By the time the impeding cloth finally slipped free, they were both very hard indeed. For a moment, Dren hesitated, giving him a quizzical look; but this time Jisarr knew exactly what he wanted.

He unwrapped the crystal bottle, uncapped it, and carefully poured a measure of the contents onto his fingers. Before he applied it, he held his hand up, cupped a little, to give Dren a chance to sniff over them and shiver in approval, and then he slid the stuff over his aching length.

It had been quite a while indeed since either of them had been with another man like this, but some things, it seemed, stuck with the mind. Dren got himself settled on the bed, Jisarr crouched behind him, and they eased together slowly, but without one false movement. He nudged right into place on the first try, feeling his heart leap in eager anticipation.

Moments later, they were as close together as they could possibly be, with the wash of sensation as he’d plunged in still resonating in him. He shuddered, groaning over his lover’s shoulder.

And then, as soon as he’d recovered from that first thrust, it was time for another. And another. And then another. He sank his fingers and toes into the sheets, shoving himself forward again and again, and with each thrust Dren just shoved back against him in kind.

He faltered for a moment at the sound of a sharp metallic snap, but then Dren pawed at his arm, gasping, “Faster – harder,” and that focused him rather effectively again. He went faster, drove in harder – he worked every inch of himself out and in as fast as his body could possibly be made to move, his rising cries mingling with his lover’s. He was distantly aware of Dren’s weight shifting under him, of a hand slipping in and down – and then Dren threw back his head and bellowed in pleasure, spasming around Jisarr’s thrusting length, and the scent of seed on the air grew strong and fresh.

That was enough for him to feel the unstoppable surge of orgasm rising in him. It took a few moments, long enough for Dren’s motions to subside somewhat, but then it hit hard. He drove in as deep as he could, pressing down against the bigger man, yearning for just a short time to make the two of them one.

Then the intensity ebbed, frantic exertion started to take its toll, and he sagged atop his lover, panting hard.

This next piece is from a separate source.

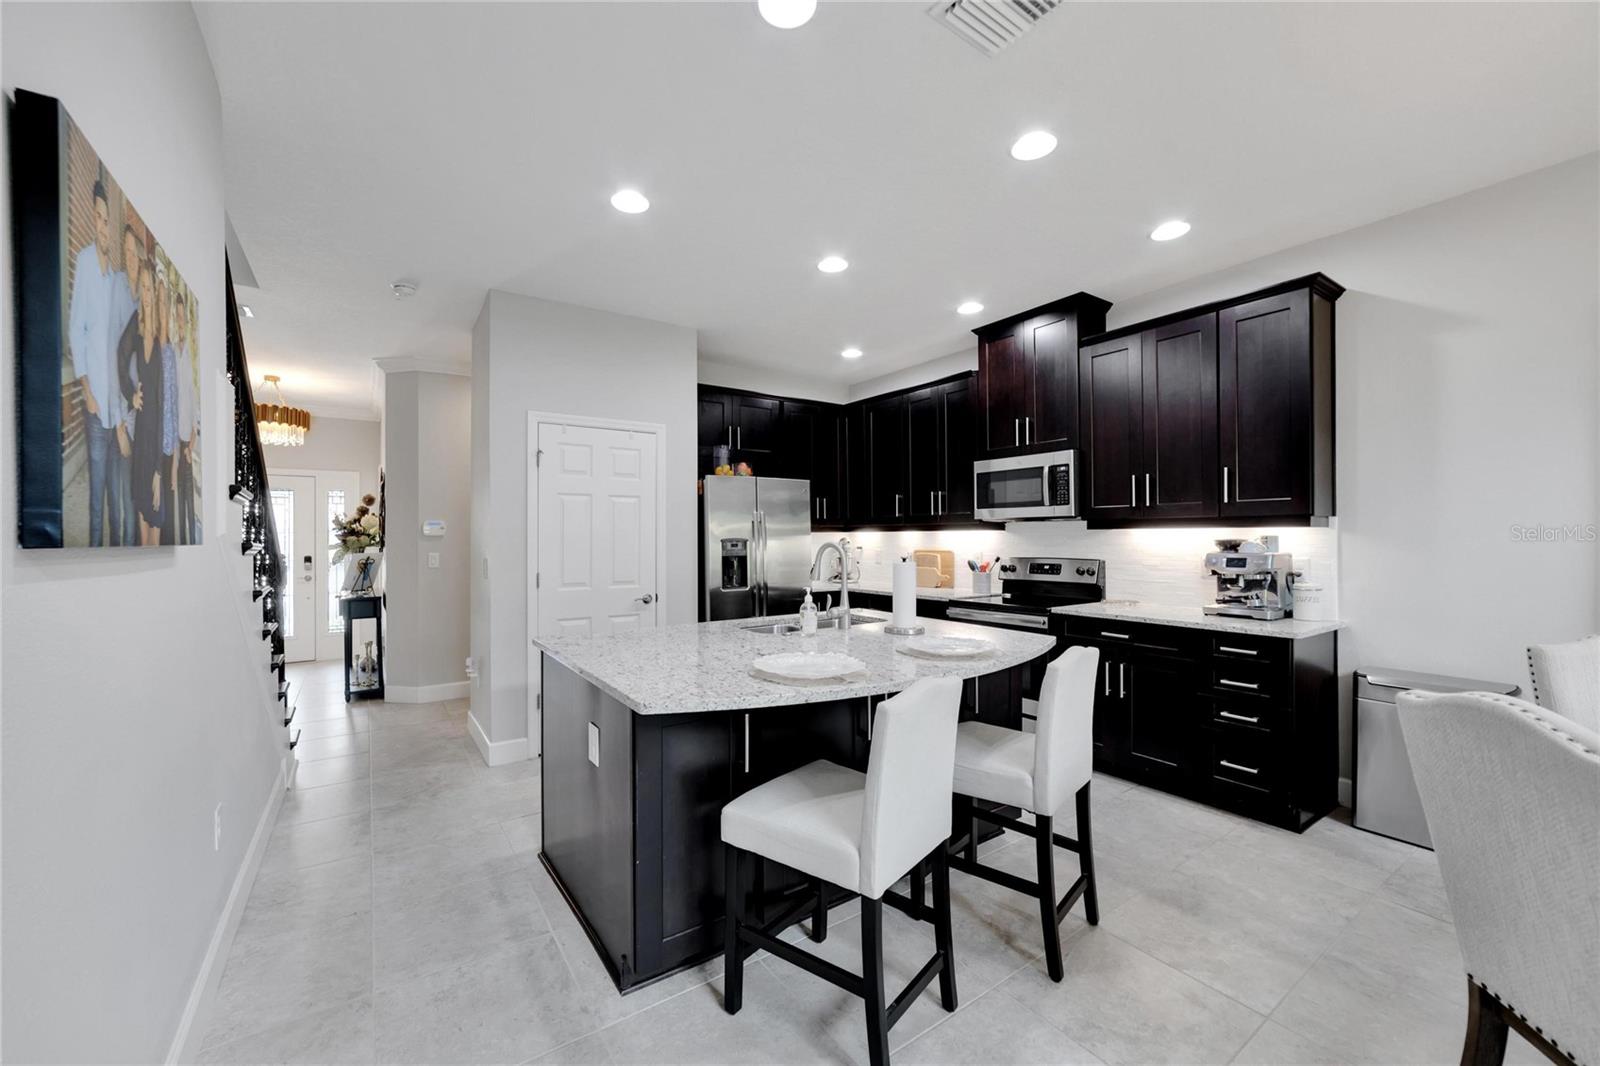 Eat-in kitchen at 12306 Terracina Chase Ct, Tampa, FL 33625

Their tails twisted together, and the next minute or two passed uninterrupted, with their laboured, gradually-steadying breaths the only sound.

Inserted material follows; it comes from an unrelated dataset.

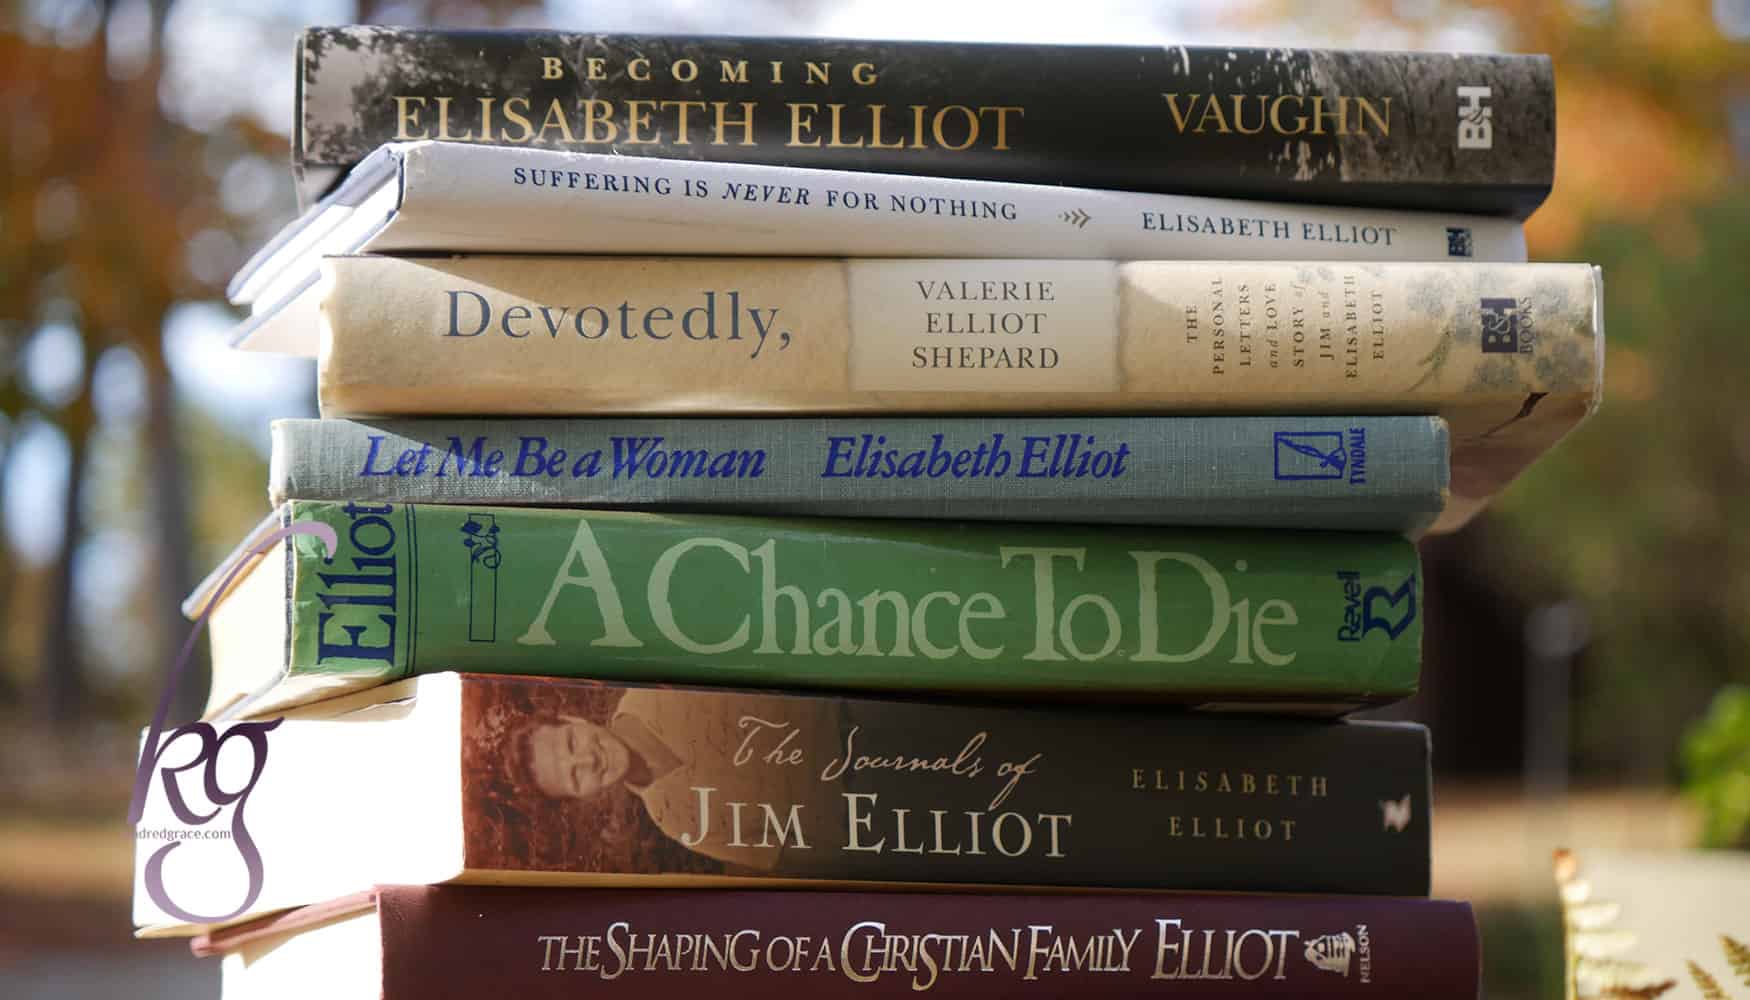 How to Build Things That Last: Truths From Elisabeth Elliot’s Books

Finally, when Jisarr’s spent length was starting to slip free, he mustered the energy to push himself up somewhat and draw out properly. It was just starting to dawn on him what had actually happened in the last few minutes when Dren sat up as well, brought his hands to his neck, and pulled free the fractured pieces of his collar.

“I suppose,” Dren croaked, then swallowed a few times; his voice hoarse, no doubt, from long disuse, heavy breathing, and the strength of his cry. It was clearer, if softer, when he tried again and produced, “I suppose there was something I truly needed to say.” For a moment he tensed as though to throw the metal aside, then he changed his mind and set the pieces gingerly on the bedside table, and then he turned to draw Jisarr into another kiss. “Thank you,” he whispered over the smaller man’s muzzle.

That was it. He’d hoped to set things in motion, yes, but instead it was done, or at least this part of it was. The collar was broken, and there would not be another to replace it. Whether it would satisfy the healers or not, he didn’t know, but that one thing told him that Dren was on the way to full recovery.

He held Dren tight, letting out a sigh of relief. This was the best sign he could have possibly hoped for that he was doing the right thing – that his affection could be a positive thing in Dren’s life to this day. His hesitation had been the last barrier, drawing this out for longer than it had needed to be – but now he could own it, acknowledge it, yet put it behind him and move on with the future.

“It’s been a dizzying cycle,” he confessed, arranging himself to nestle comfortably against the curve of Dren’s body. “But all in all, I think it’s been one of the best I’ve been through.”

After all, if in the course of a few minutes Dren could reverse the compulsions he’d laid on himself and snap his collar, was any good thing truly out of reach?